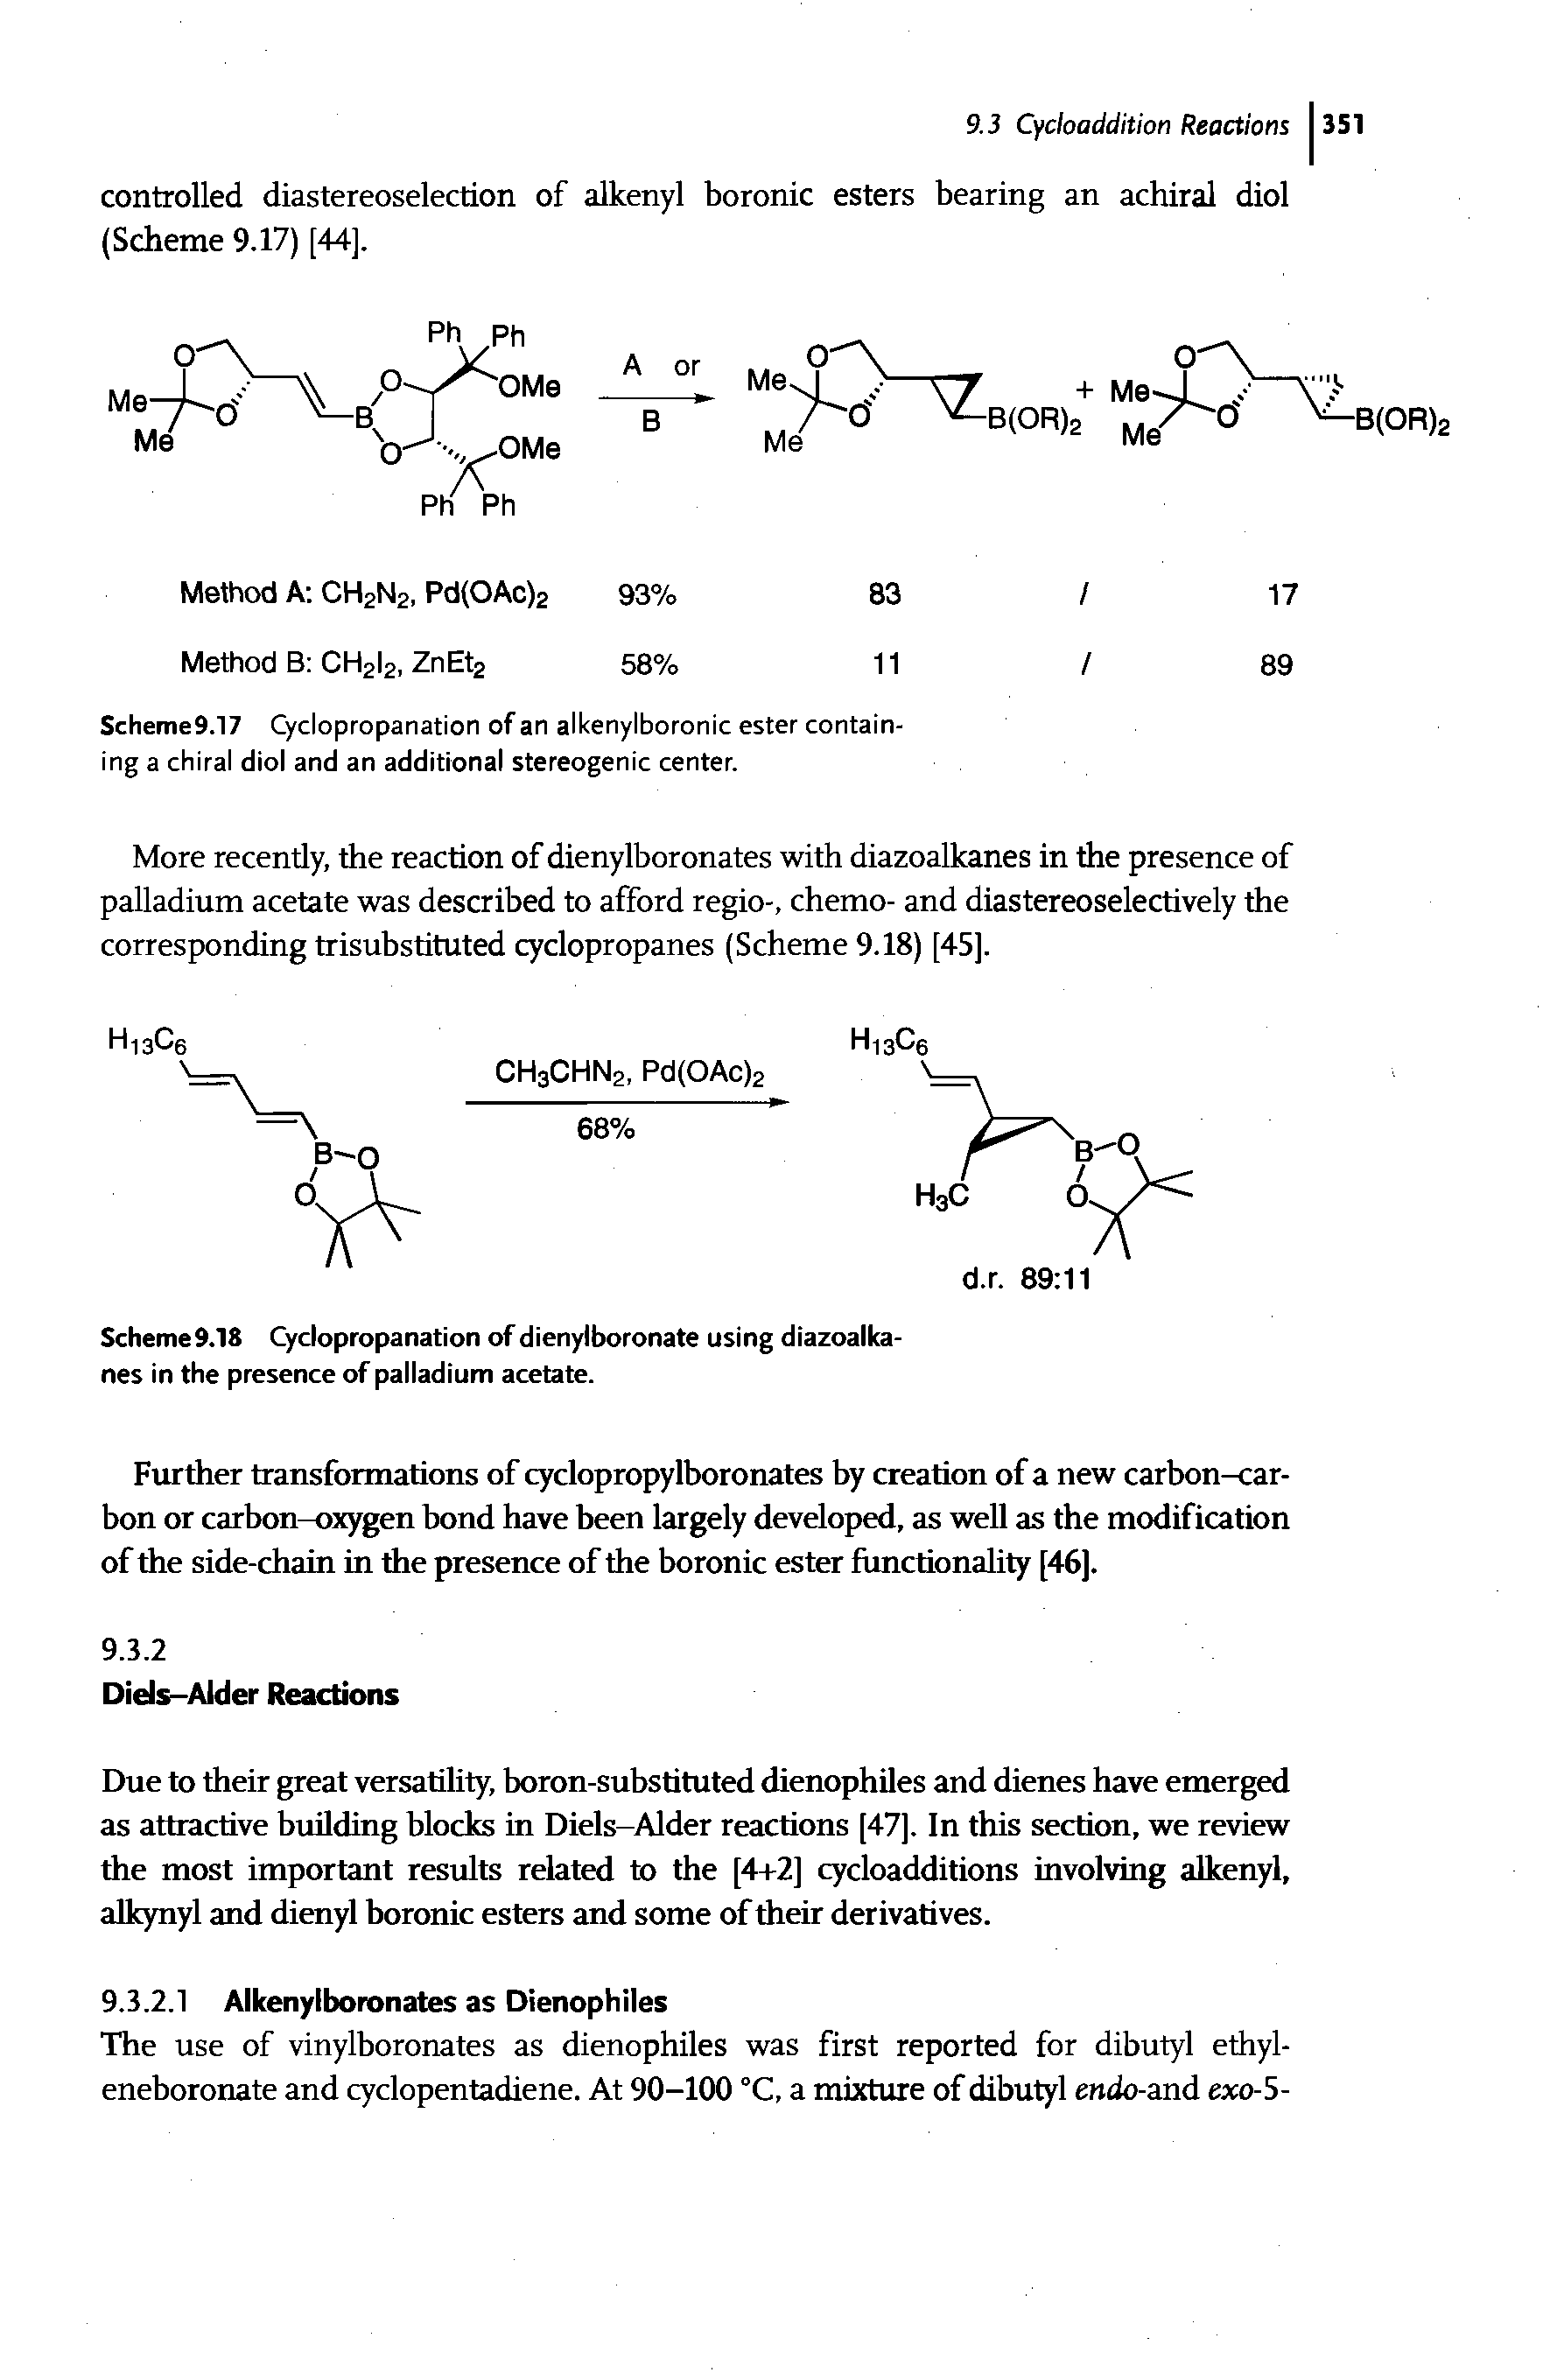 Scheme 9.18 Cyclopropanation of dienylboronate using diazoalkanes in the presence of palladium acetate.
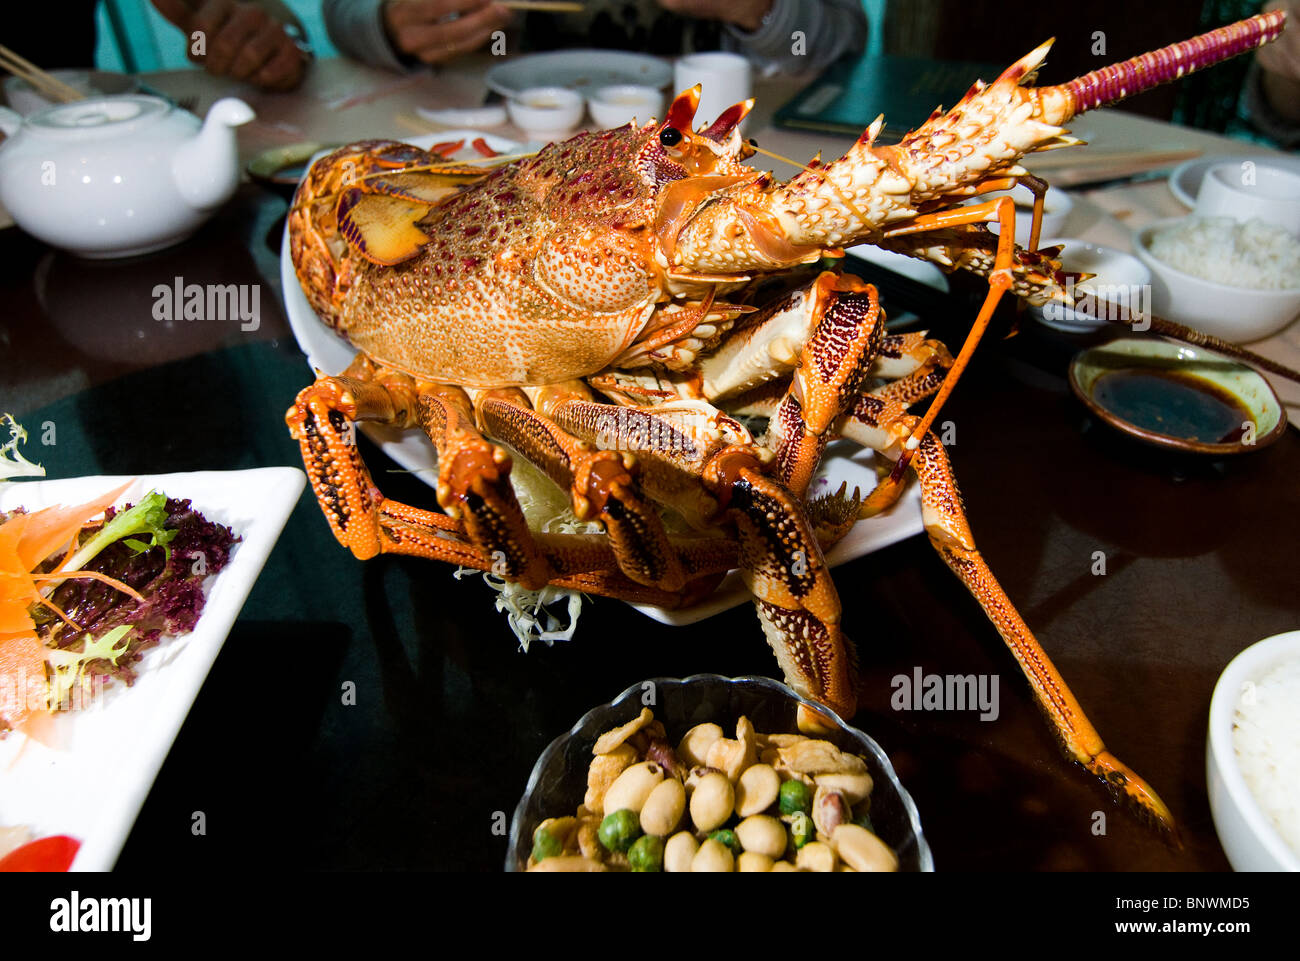 A big tasty Lobster. Stock Photo
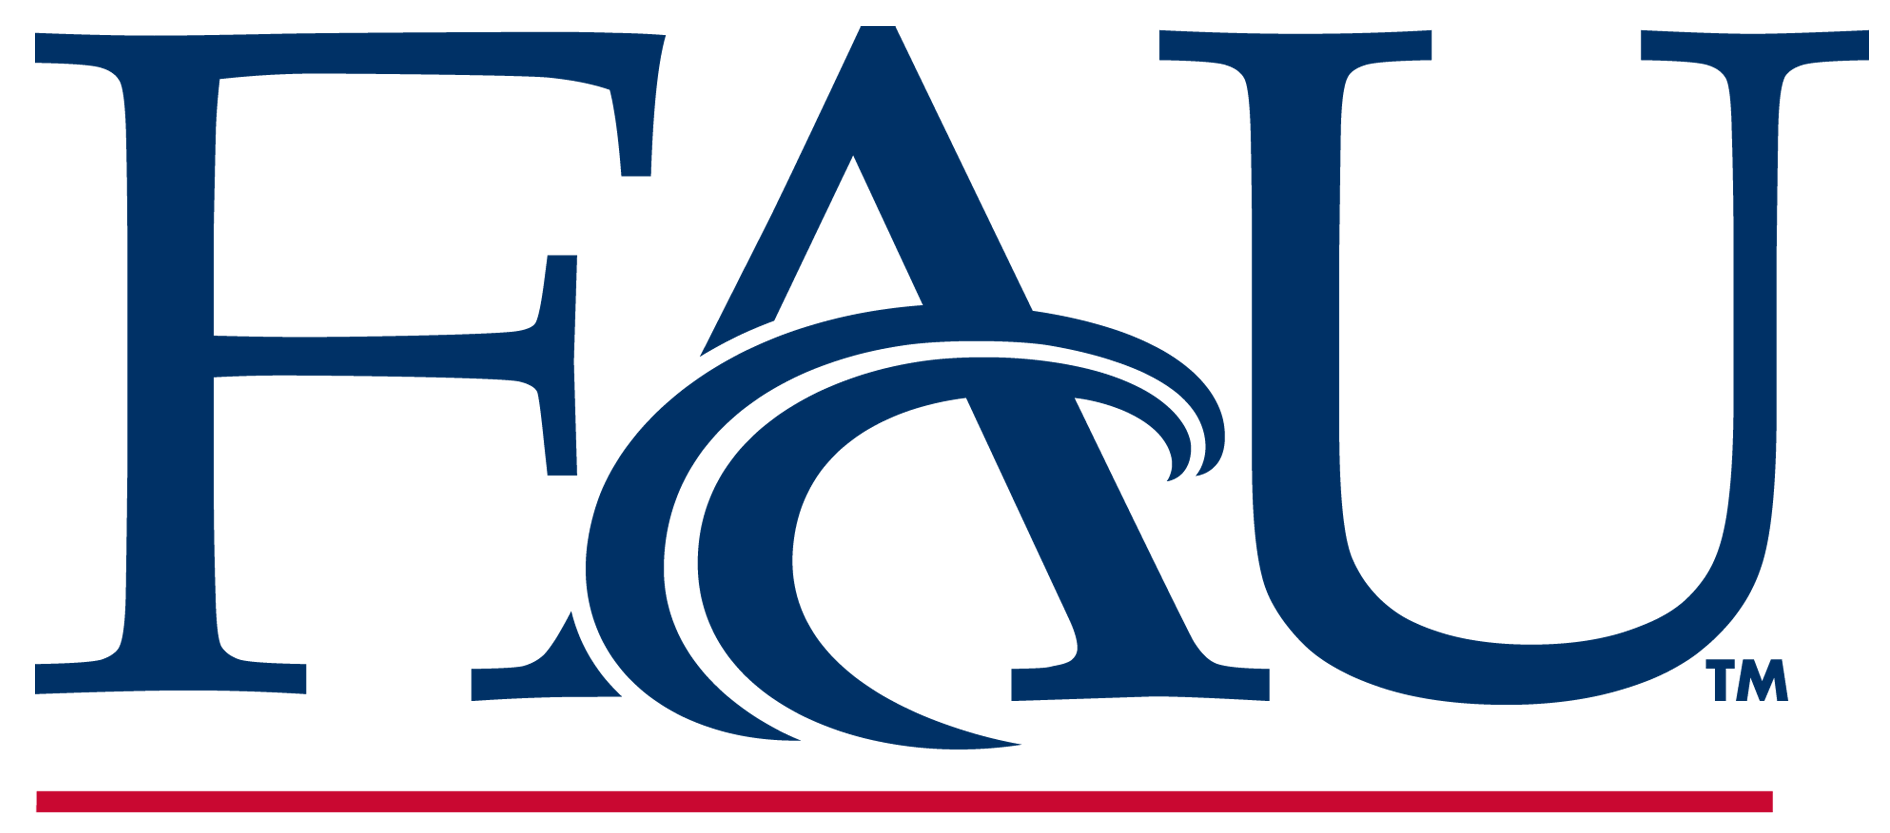 Florida Atlantic University Logo - Dale Gawlik Homepage
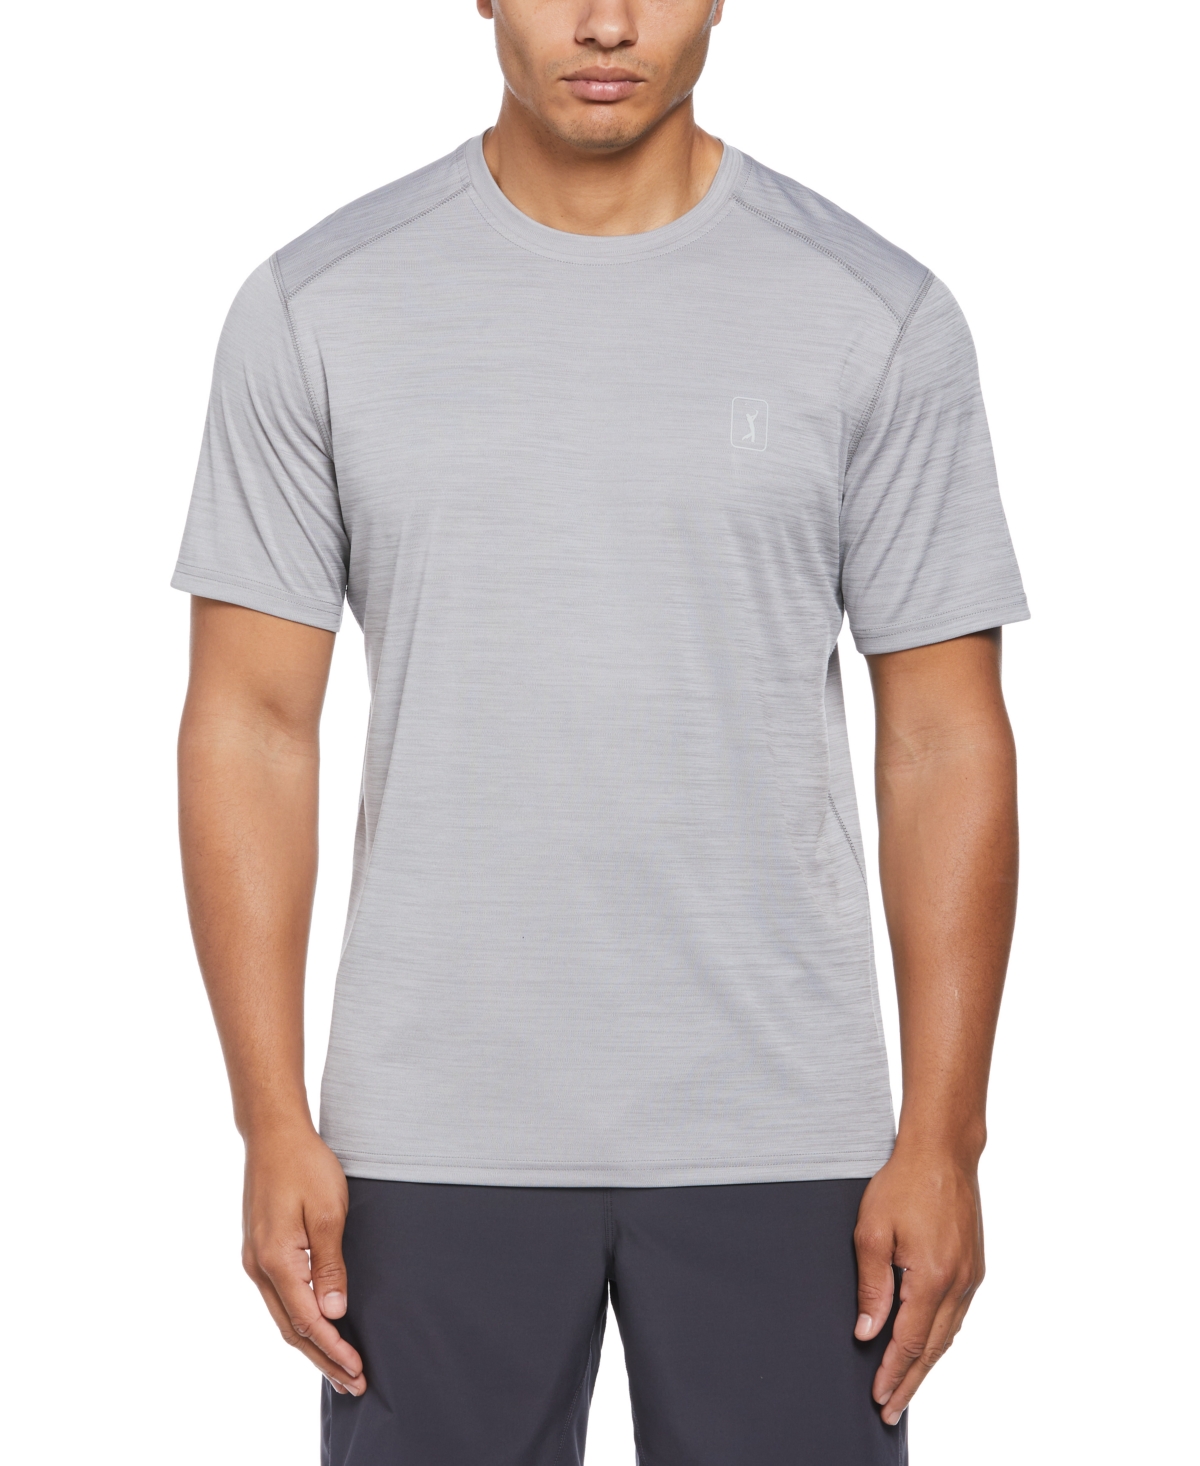 Men's Performance Golf T-Shirt - Light Grey Heather

WHAT TO DO - No pictures belong in the answer; copy all other parts of the listing exactly.

YOUR RESPONSE -
 Scheme 9.18 Cyclopropanation of dienylboronate using diazoalkanes in the presence of palladium acetate.
 A big tasty Lobster. Stock Photo
 Florida Atlantic University Logo - Dale Gawlik Homepage
 Men's Performance Golf T-Shirt - Light Grey Heather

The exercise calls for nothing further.